Немец желает мне доброго вечера, я отвечаю ему тем же, мы улыбаемся друг другу и расстаемся. Я иду в равнодушно-вежливой толпе, мимо до жути ярких витрин, мимо сидящей за столиками избалованно-привычной публики, неторопливо глотающей, безжалостно, спокойно пачкающей жиром и соусом белоснежные крахмальные салфетки. Сытость и покой даже в ухоженных уличных деревьях. Набоковский Берлин давно минул, но какая-то устойчивость, какая-то неистребимость духа чувствуется во всем, может быть, потому, что здесь дух заменяет душу. Точнее, здесь господствует то самое скрытое единство живой души и тупого вещества, о котором говорили символисты. Впрочем, это уже совсем о другом, это уже совсем другие проблемы... А сейчас здесь в этот вечер с здешними проблемами можно встретиться только возле газетных киосков. У ближайшего газетного киоска читаю написанную на щите последнюю берлинскую новость: начальник берлинской полиции вышел на улицу в двух разных туфлях: одном черном, другом коричневом. Очевидно, начальник полиции куда-то торопился, удрученный проблемами, и к радости вездесущих фоторепортеров оказался на щите. В этом разница между нами и ими, их проблемы можно снять и надеть, как туфли. Мелкие ли, сложные ли, они все-таки отделены от тела. А наши проблемы вросли нам в тело, наши проблемы вросли нам в мясо, и отодрать их можно только с мясом. Каждая российская проблема оставляет после себя на теле незаживающую, кровоточащую рану, и кто его знает, заживут ли эти раны когда-нибудь, не истечет ли Россия кровью до смерти, полностью избавившись от своих нынешних проблем? Нет, не сможет она так по-немецки, почти бескровно снять диктатуру, надеть демократию...

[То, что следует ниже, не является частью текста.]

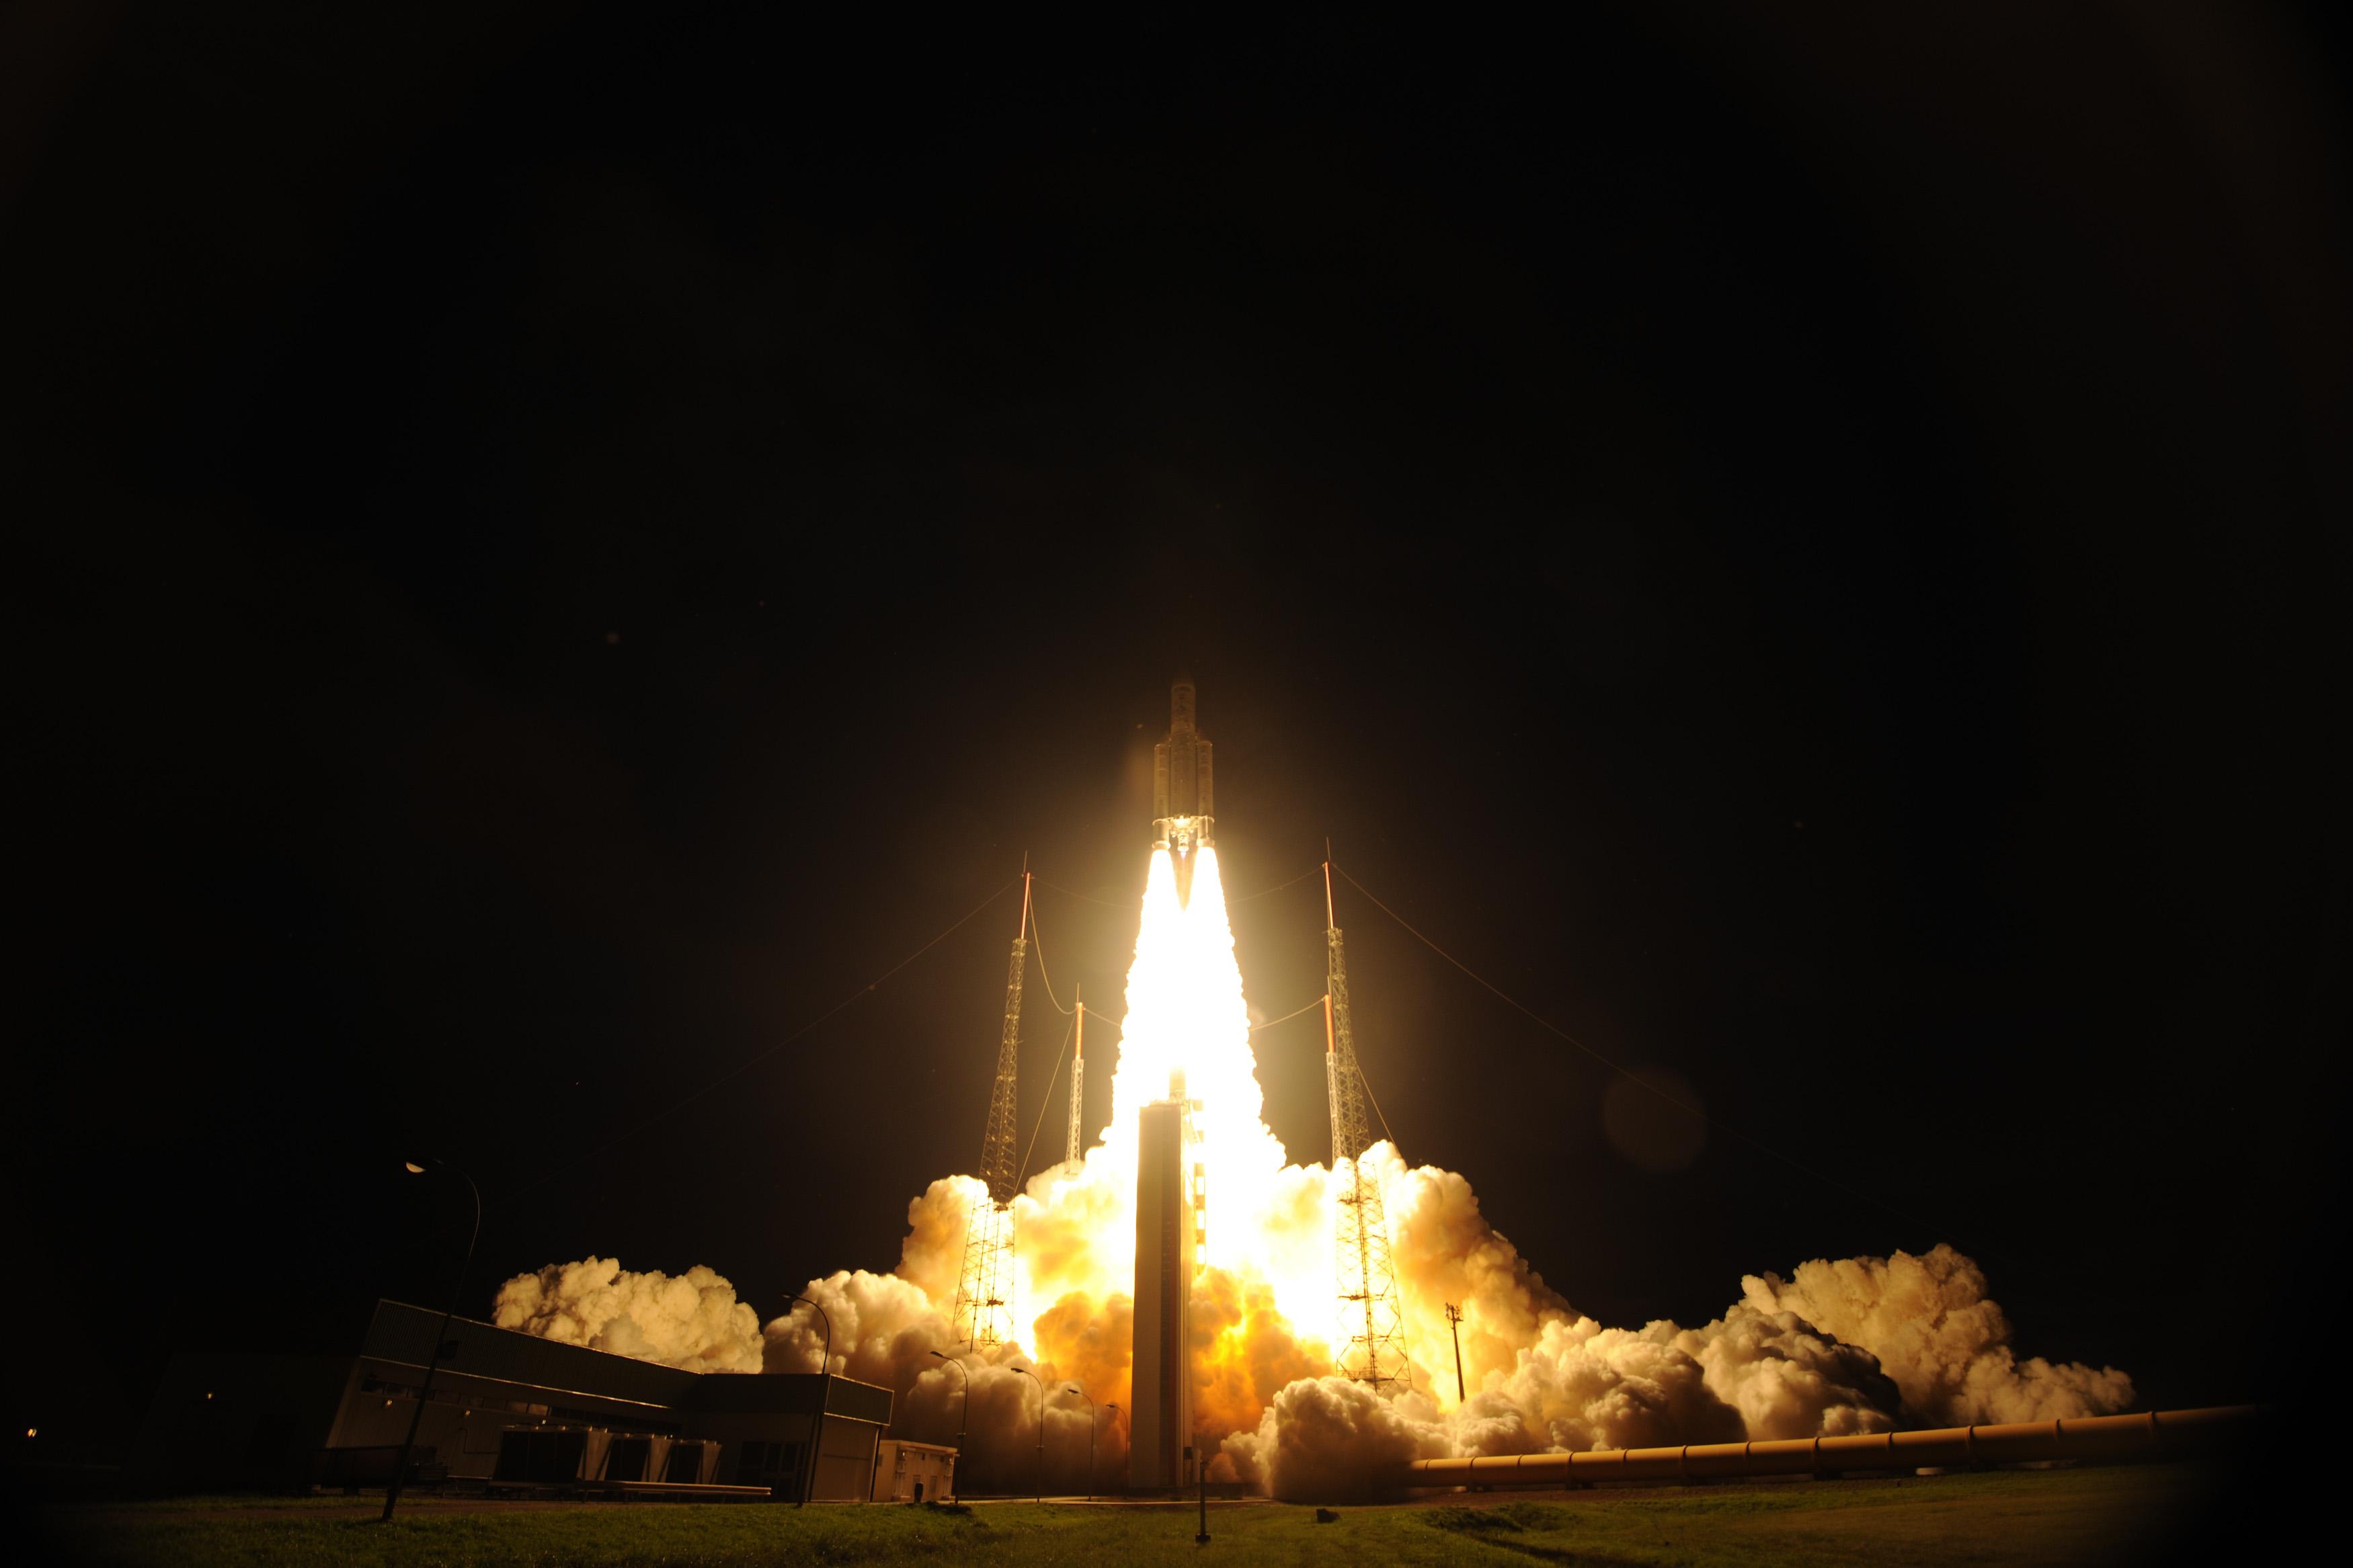 Take Off of Ariane 5 VA213 with ATV-4

Я ухожу с утомляющей, бездушной праздничной улицы, сворачиваю к каналу, поблескивающему гладкой черной водой, по которой словно бы можно ходить до рассвета, когда вода опять посветлеет и станет жидкой. Здесь прохладней, здесь, вдоль набережной и под мостами, прогуливается влажный, речной, совсем волжский ветер. Здесь мне проще, здесь я успокаиваюсь. В виски уже не так давит, и, как говорил мне знакомый доктор, мелодия сердца становится приятней. И уж нету удручающего нетерпения, нет удручающей злобы на жизнь. В такие благие минуты хочется верить в чудотворные силы, хочется верить, что рано или поздно тайны нашею спасения будут нам возвещены.